[Paper Notes] Fast-WAM: Do World Action Models Need Test-time Future Imagination?

11 minute read

Published:

This post supports English / 中文 switching via the site language toggle in the top navigation.

TL;DR

Fast-WAM asks whether World Action Models need to generate future videos at test time. Its answer is practical: keep WAM-style video supervision during training, then run as a direct action policy at inference. The model uses a pretrained video DiT to form latent world representations from the current observation and language, and predicts action chunks without the expensive imagine-then-execute stage.

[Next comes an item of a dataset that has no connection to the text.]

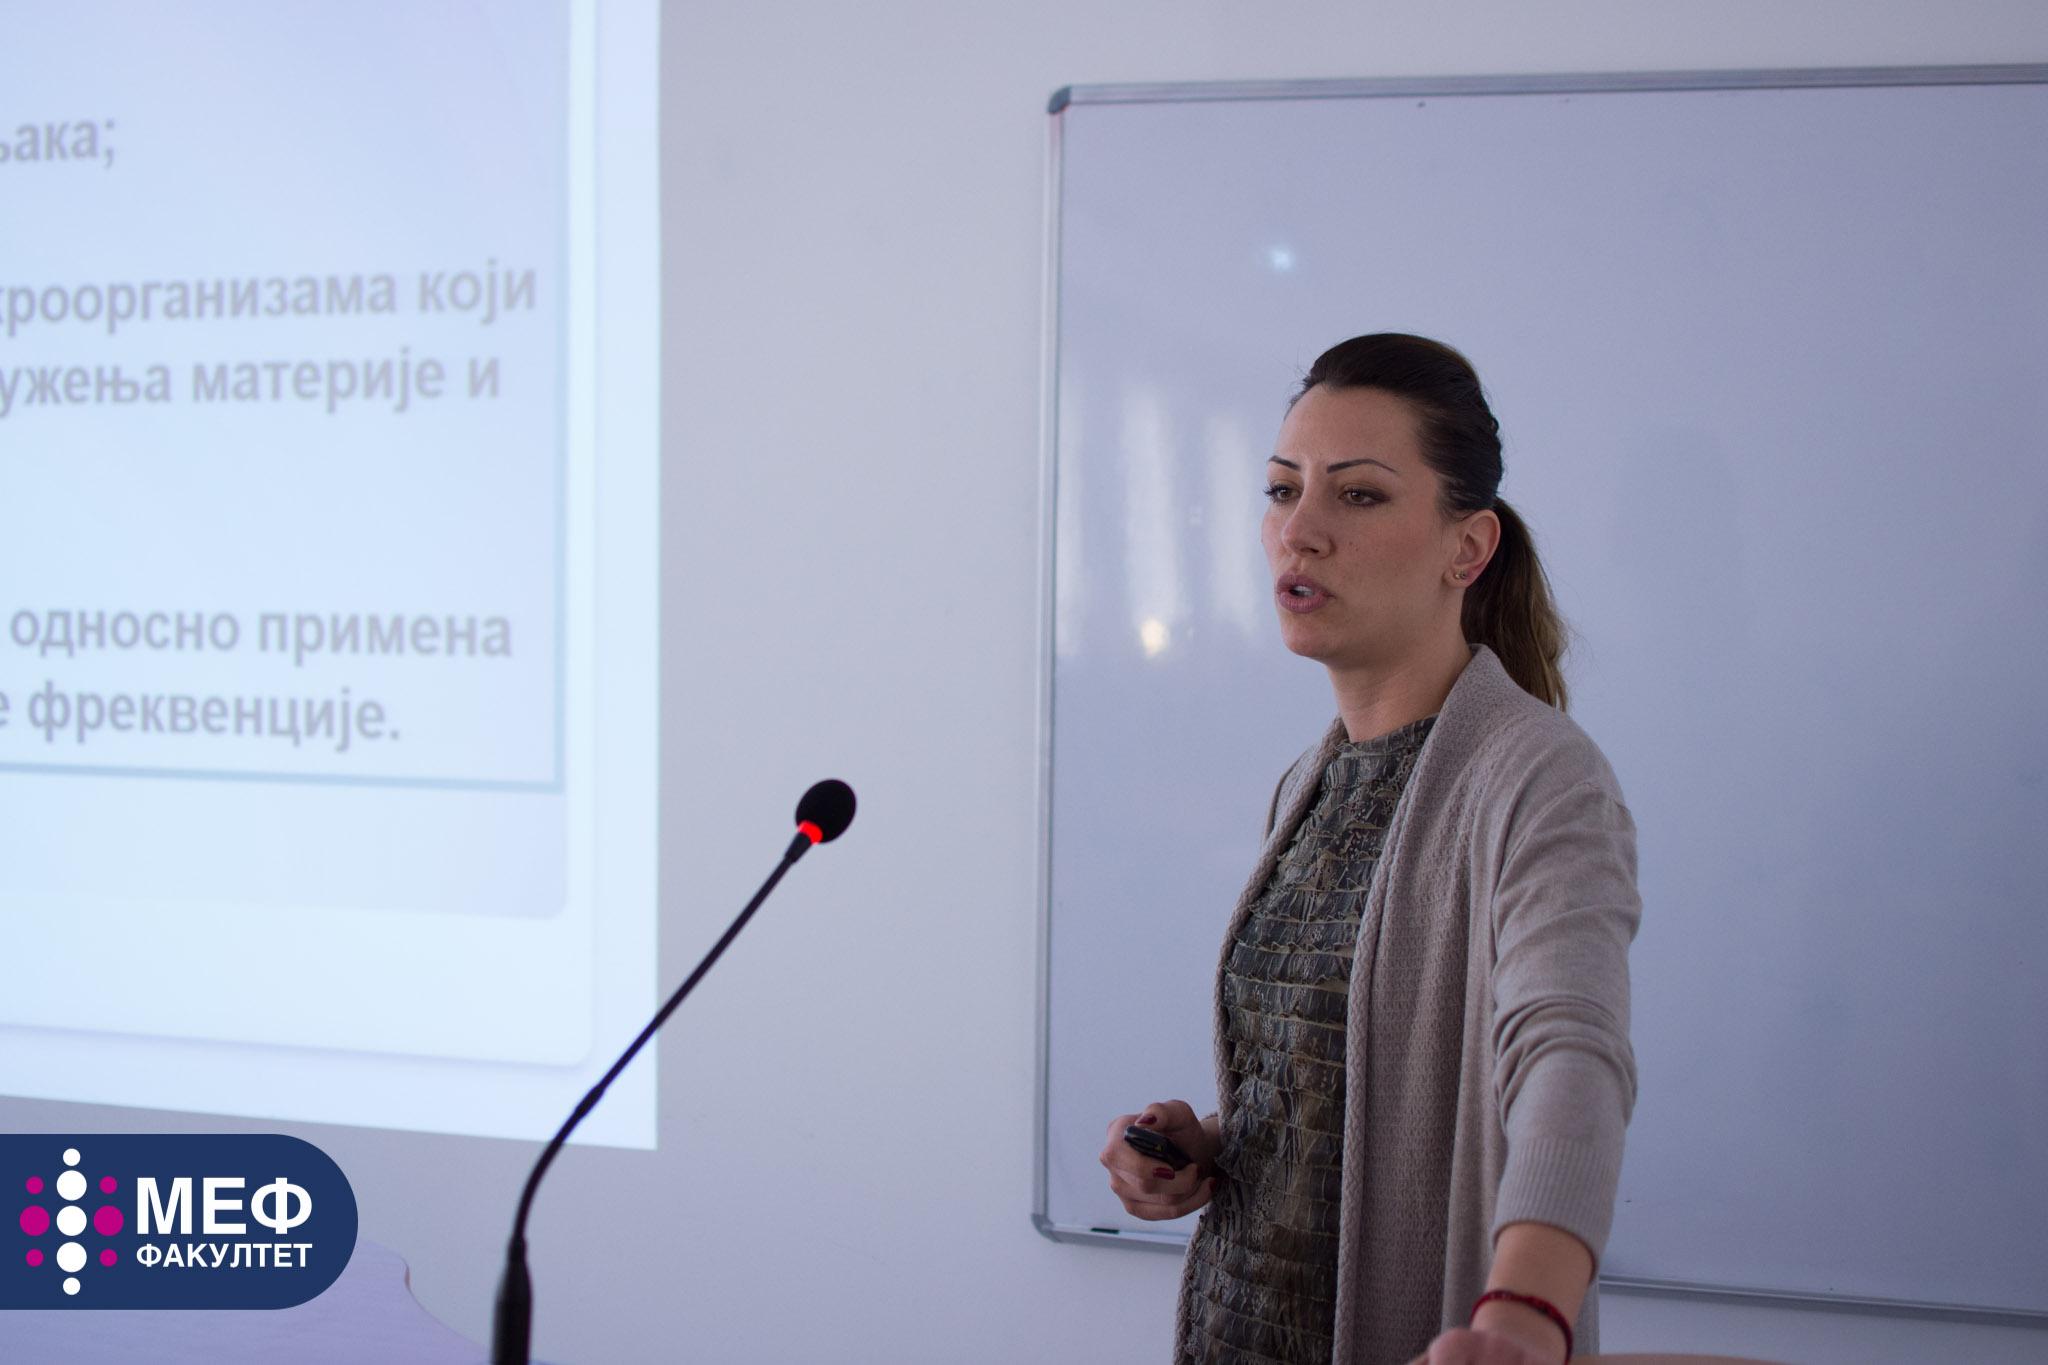 MEF Fakultet - izvestaj sa konferencije 18

The main empirical message is that training-time video co-training matters more than test-time future imagination. Fast-WAM reaches 91.8% average success on RoboTwin 2.0 and 97.6% on LIBERO without embodied pretraining, while running at 190 ms latency on a single RTX 5090D V2 GPU. Variants that still generate future videos are close in success but much slower; removing video co-training causes a larger accuracy drop.

Paper Info

The paper is “Fast-WAM: Do World Action Models Need Test-time Future Imagination?” by Tianyuan Yuan, Zibin Dong, Yicheng Liu, and Hang Zhao from IIIS, Tsinghua University and Galaxea AI. It is available as arXiv:2603.16666, with a project page at yuantianyuan01.github.io/FastWAM and code at yuantianyuan01/FastWAM. The authors also release checkpoints and preprocessed LIBERO/RoboTwin datasets on Hugging Face.

Core Argument

Many WAMs follow an intuitive pipeline: observe the scene and language command, imagine future visual states, then predict actions conditioned on that imagined rollout. The intuition is attractive, but video diffusion is slow, and a robot policy ultimately needs low-latency closed-loop control.

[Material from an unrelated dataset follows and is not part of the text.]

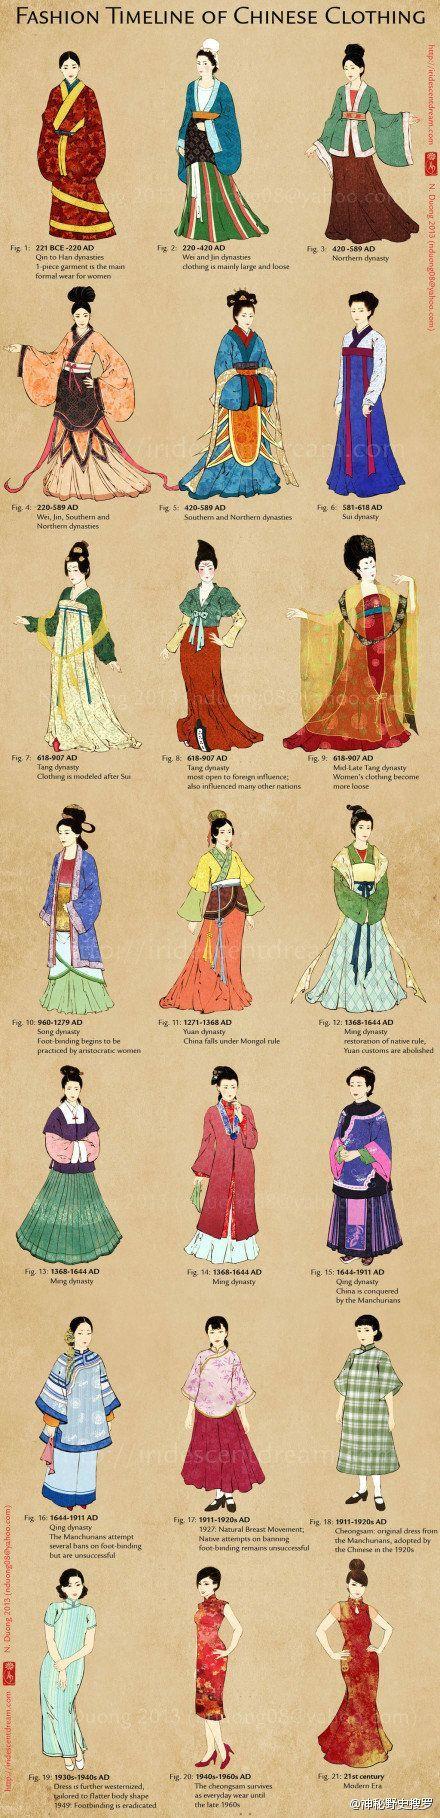 Mehr Wissen Über Die Chinesische Traditionelle Kleidung - http://deutschstyle.com/2016/11/25/mehr-wissen-uber-die-chinesische-traditionelle-kleidung.html

Fast-WAM separates two roles that are often bundled together. Future video prediction can be a training objective that shapes the representation; future video generation can also be a test-time procedure used before action prediction. The paper’s controlled comparison shows that the first role carries most of the benefit on its benchmarks. In other words, video modeling is most useful as supervision for learning latent world structure, while inference can stay direct:

current observation + language
  -> latent world representation
  -> action chunk

This makes Fast-WAM look like a bridge between VLA policies and WAMs. At deployment time, it behaves like a direct action policy. During training, it still receives world-model supervision from future video latents.

Method

Fast-WAM is built on Wan2.2-5B, reusing the video Diffusion Transformer, pretrained T5 text encoder, and video VAE. On top of this video backbone, the authors add a 1B action expert DiT, giving the full model roughly 6B parameters. The model groups tokens into clean current-frame latents, noisy future-video latents used for training, and action tokens used for action chunk generation.

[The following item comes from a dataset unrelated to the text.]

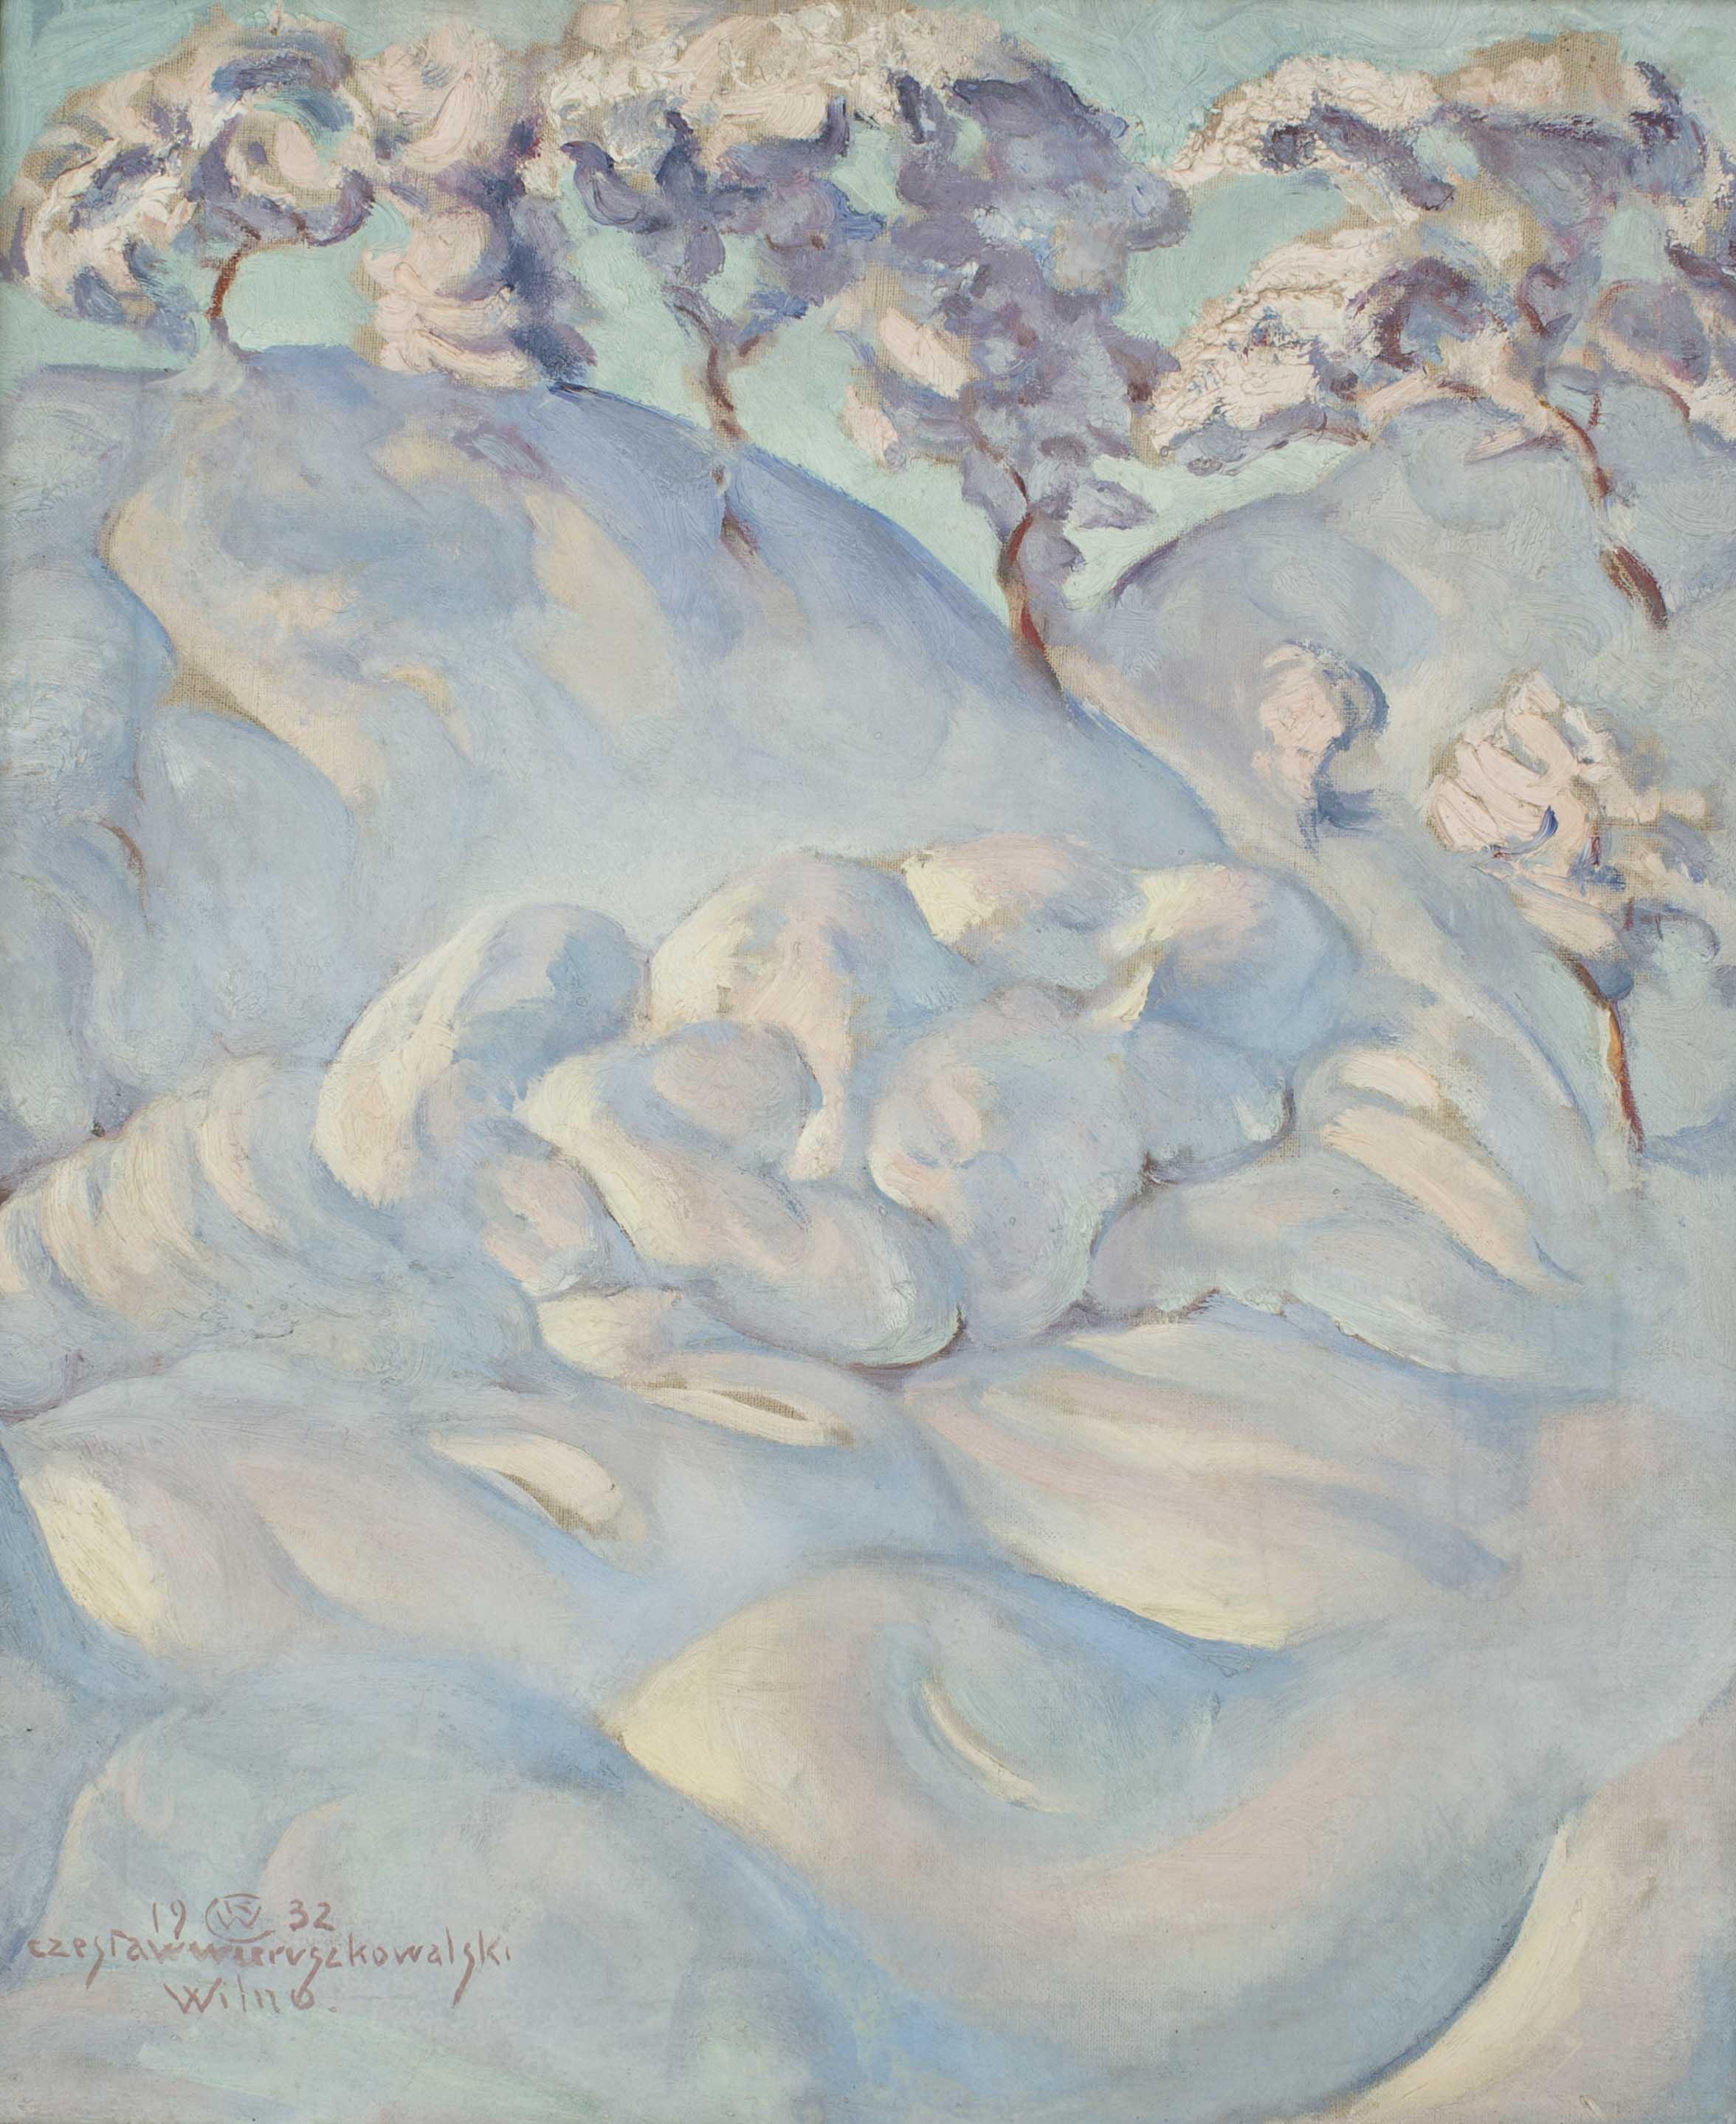 Obraz przedstawiający ogromne zwały śniegu leżącego na ziemi oraz śnieg leżący na drzewach w tle.

The most important implementation detail is the structured attention mask. During training, video tokens learn to predict future latent frames, and action tokens learn to predict actions from the clean current observation. Action tokens cannot attend to future video tokens, which prevents future-frame leakage and keeps the ablation fair: the action branch can benefit from a video-shaped backbone, but it cannot directly see ground-truth future frames. At inference, the future-video branch is removed; the current observation goes through the video backbone once, and the action expert denoises the action chunk.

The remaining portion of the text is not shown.